I've looked at your chart for recommended B1 and B2 values, but it confuses my script's calculations of how much ECM to do for a number of a given size. I need to do some serious thinking to get it to all work together.

wombatman · 2022-04-03, 03:52

Hi, I've built this under WSL2, and everything works quite nicely, but when I do the test file (gpu_throughput_test.sh), CBGN fails when the input number is large enough:

"No available CGBN Kernel large enough to process N(1864 bits)"

I saw some posts earlier in the thread that might apply, but I thought it would be best to ask before I start messing with anything.

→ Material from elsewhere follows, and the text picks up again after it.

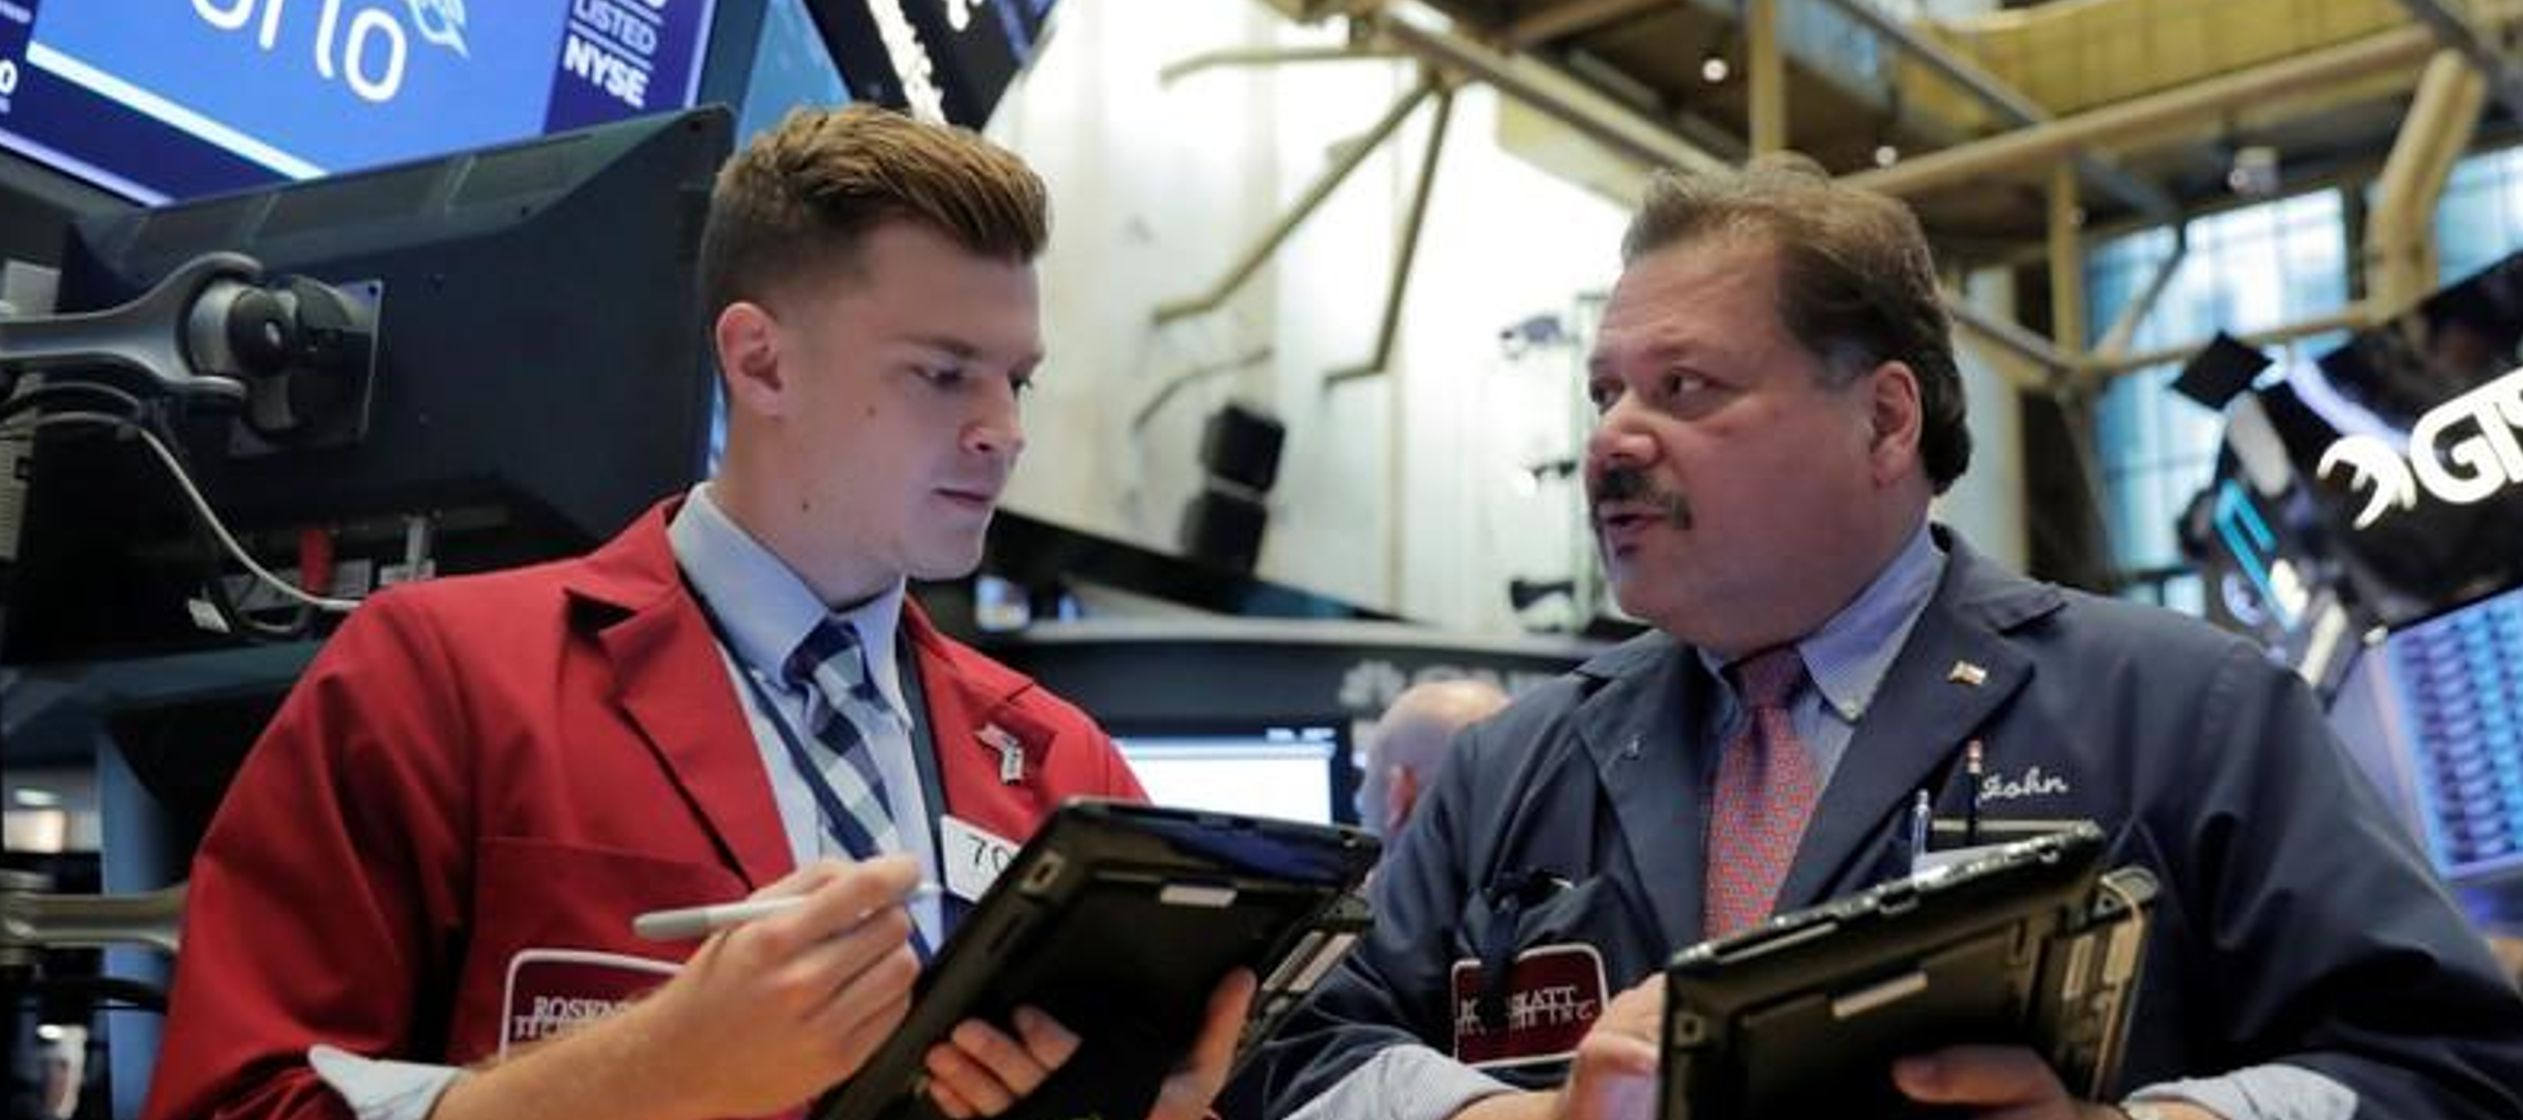 El repunte en Wall Street no para: S&P 500 vuelve a tocar récord tras meses de dudas

SethTro · 2022-04-03, 06:22

Quote:

Originally Posted by wombatman

Hi, I've built this under WSL2, and everything works quite nicely, but when I do the test file (gpu_throughput_test.sh), CBGN fails when the input number is large enough:

"No available CGBN Kernel large enough to process N(1864 bits)"

I saw some posts earlier in the thread that might apply, but I thought it would be best to ask before I start messing with anything.

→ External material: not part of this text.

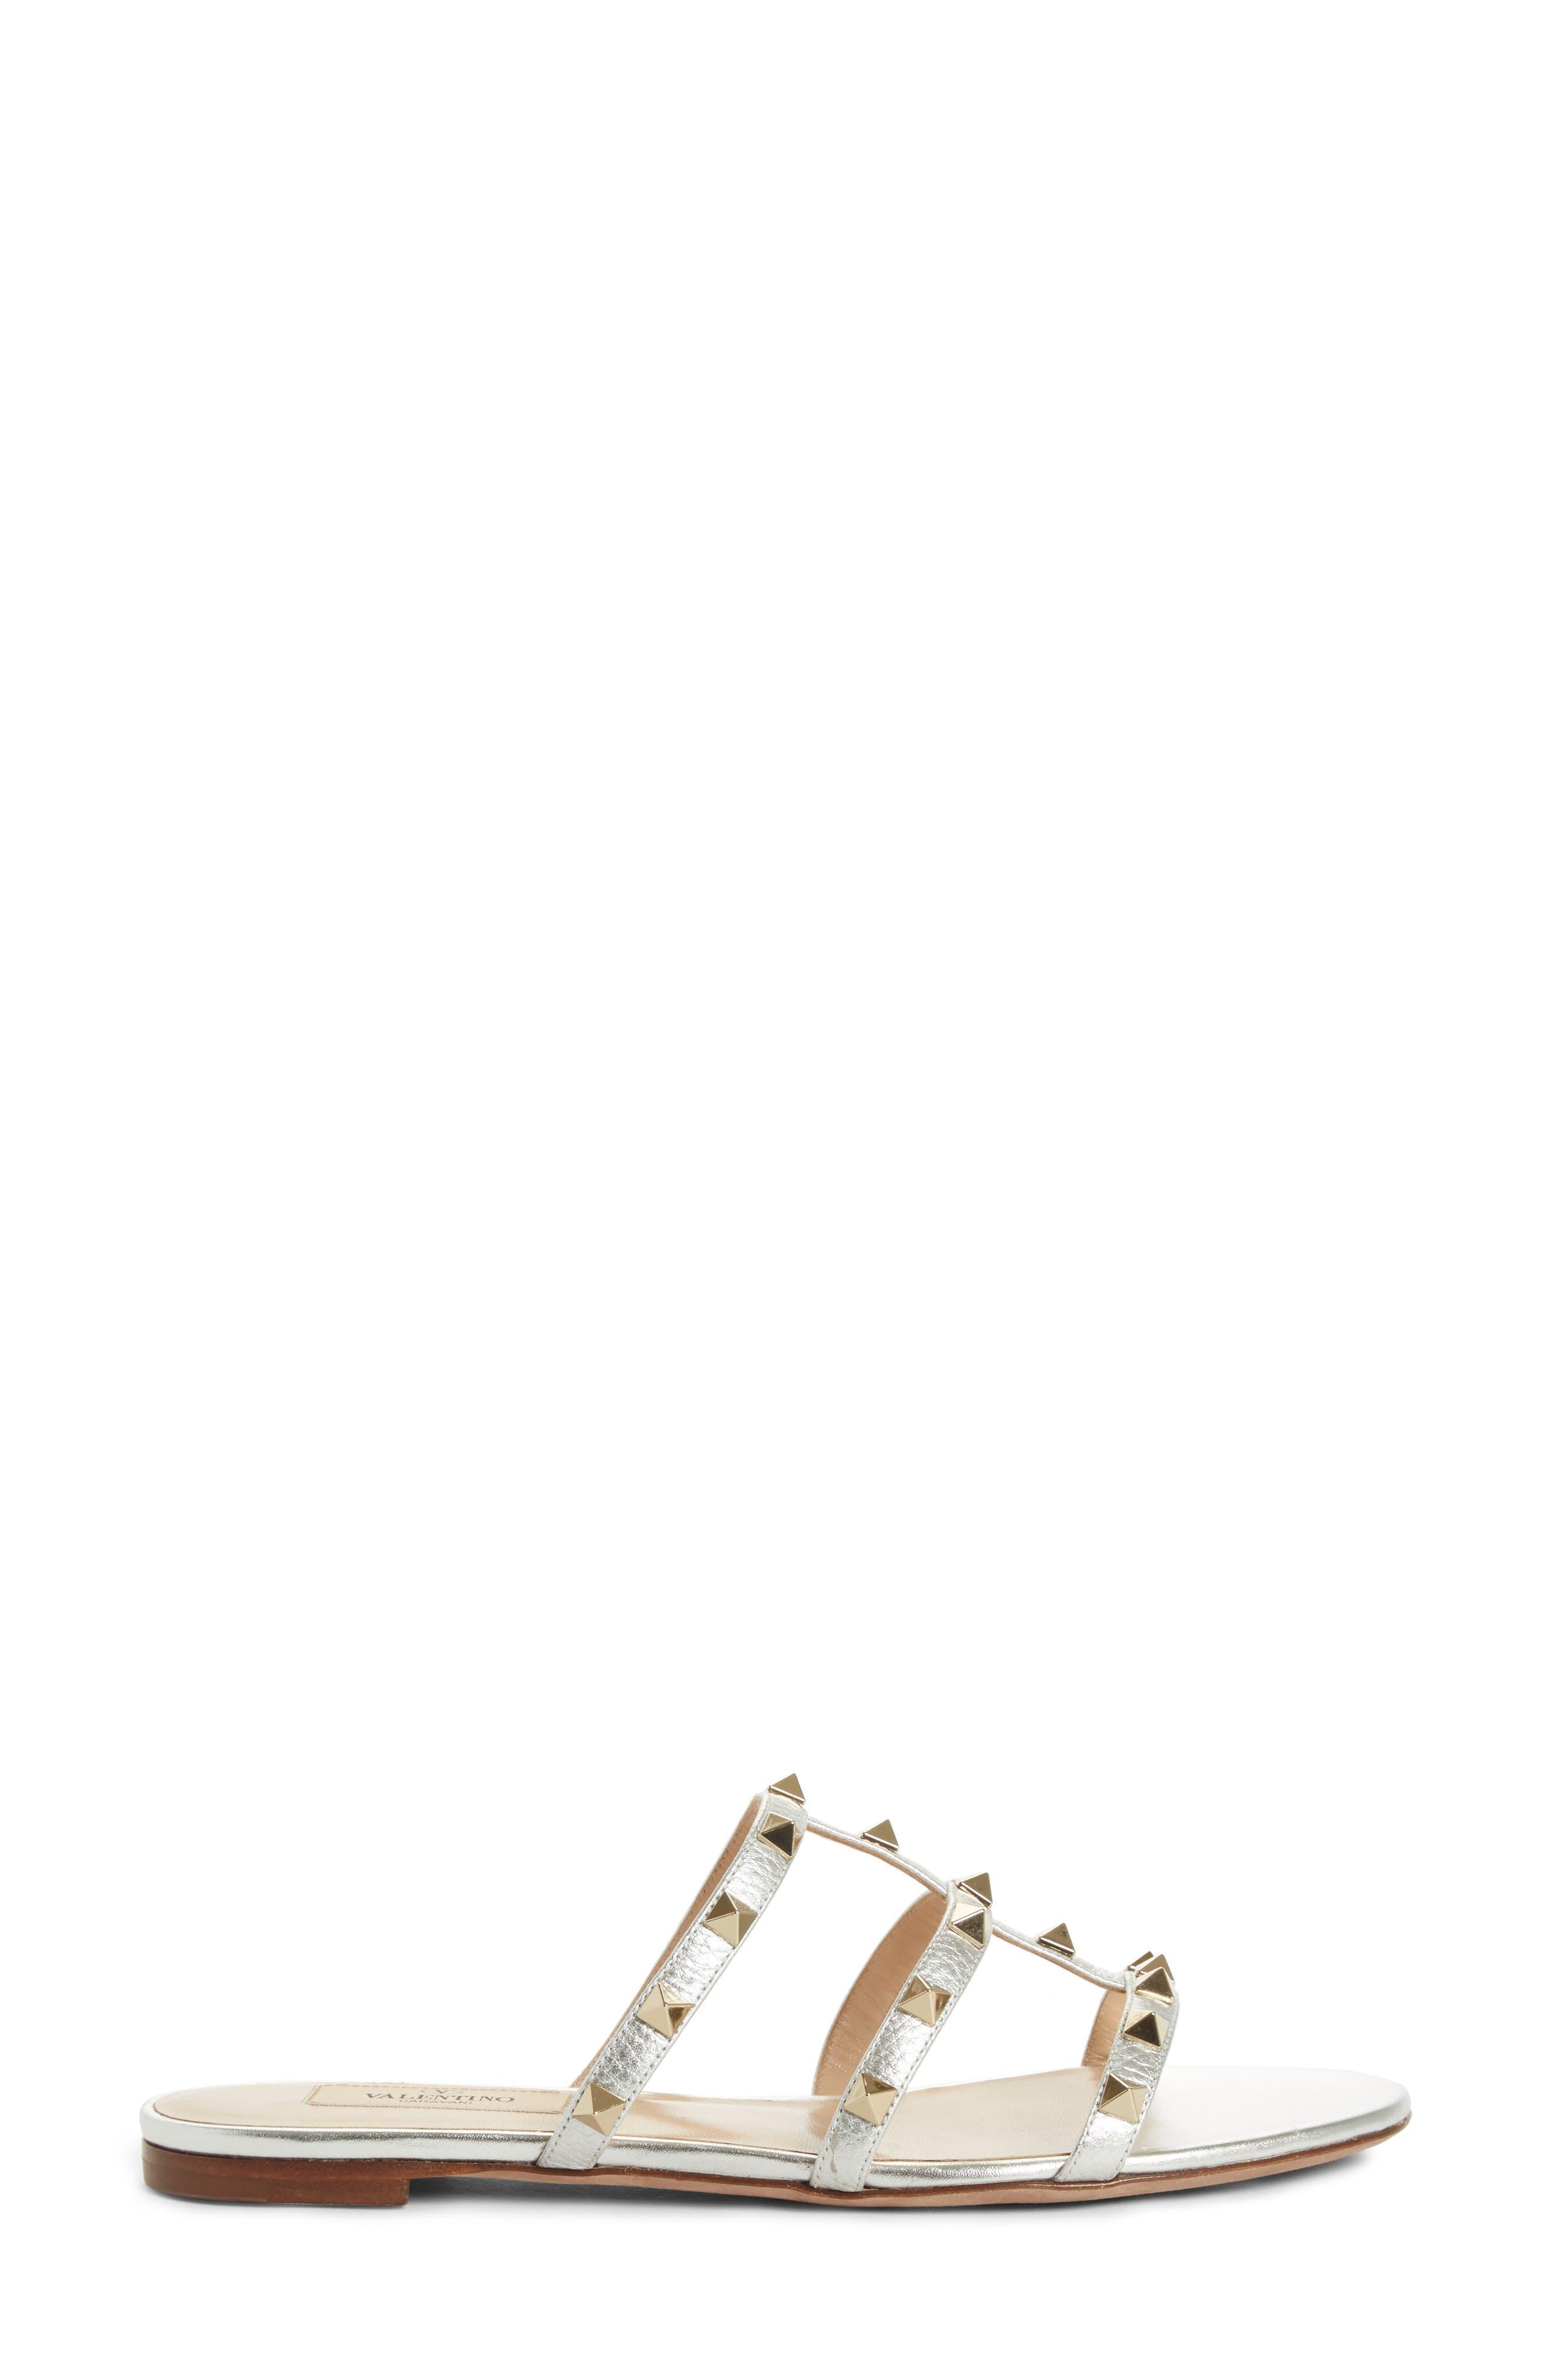 Rockstud Cage Slide Sandal,                             Alternate thumbnail 3, color,                             Metallic Silver

This is expected. I'm balancing binary size and compile time vs range of numbers that can be tested.

If you want to run ECM on numbers > 1020 bits look around line 670 in cgbn_stage1.cu

2022-03-08, 13:32	#133
EdH "Ed Hall" Dec 2009 Adirondack Mtns 1259₁₆ Posts	I understood about the -gpucurves, but what confused me was the: Code: CGBN<512, 4> running kernel<56 block x 256 threads> input number is 246 bits lines. I see now that they are based on the input number size and automatically taken care of by the program. I had thought maybe there were more options to provide. Thanks for helping me understand this and for a great speedup.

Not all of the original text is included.